Abu Nidal


Sabri Khalil al-Banna (May 1937 – 16 August 2002), known by his nom de guerre Abu Nidal, was the founder of Fatah: The Revolutionary Council, a militant Palestinian splinter group more commonly known as the Abu Nidal Organization (ANO).[1] At the height of its militancy in the 1970s and 1980s, the ANO was widely regarded as the most ruthless of the Palestinian groups.[2][3][4][5]

Abu Nidal ("father of struggle")[6] formed the ANO in October 1974 after a split from Yasser Arafat's Fatah faction within the Palestine Liberation Organization (PLO).[7] Acting as a freelance contractor, Abu Nidal is believed to have ordered attacks in 20 countries, killing over 300 and injuring over 650.[4][8][9] The group's operations included the Rome and Vienna airport attacks on 27 December 1985, when gunmen opened fire on passengers in simultaneous shootings at El Al ticket counters, killing 20. Patrick Seale, Abu Nidal's biographer, wrote of the shootings that their "random cruelty marked them as typical Abu Nidal operations".[10][11]

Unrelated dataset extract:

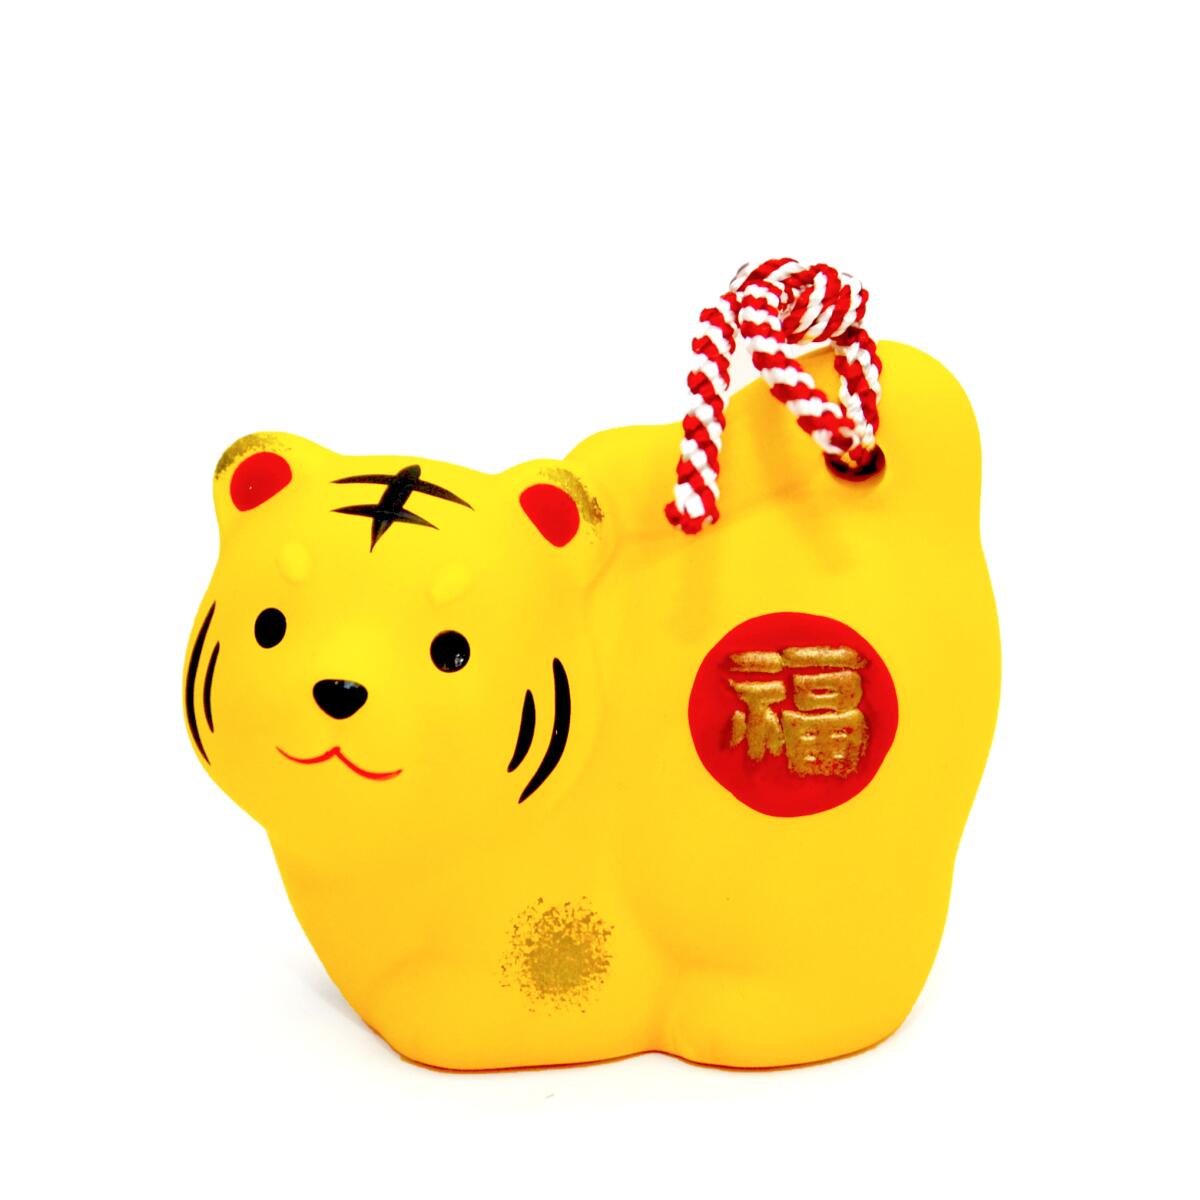 A yellow, tiger-shaped bell ornament

Abu Nidal died after a shooting in his Baghdad apartment in August 2002. Palestinian sources believed he was killed on the orders of Saddam Hussein, while Iraqi officials insisted he had committed suicide during an interrogation.[12][13] "He was the patriot turned psychopath", David Hirst wrote in the Guardian on the news of his death. "He served only himself, only the warped personal drives that pushed him into hideous crime. He was the ultimate mercenary."[14]

Sabri Khalil al-Banna was born in May 1937 in Jaffa, on the Mediterranean coast of what was then the British Mandate of Palestine. His father, Hajj Khalil al-Banna, owned 6,000 acres (24 km2) of orange groves situated between Jaffa and Majdal, today Ashkelon in Israel.[15] The family lived in luxury in a three-storey stone house near the beach, later used as an Israeli military court.[16] Muhammad Khalil al-Banna, Abu Nidal's brother, told Yossi Melman:

My father ... was the richest man in Palestine. He marketed about ten percent of all the citrus crops sent from Palestine to Europe - especially to England and Germany. He owned a summer house in Marseilles, France, and another house in İskenderun, then in Syria and afterwards Turkey, and a number of houses in Palestine itself. Most of the time we lived in Jaffa. Our house had about twenty rooms, and we children would go down to swim in the sea. We also had stables with Arabian horses, and one of our homes in Ashkelon even had a large swimming pool. I think we must have been the only family in Palestine with a private swimming pool.[17]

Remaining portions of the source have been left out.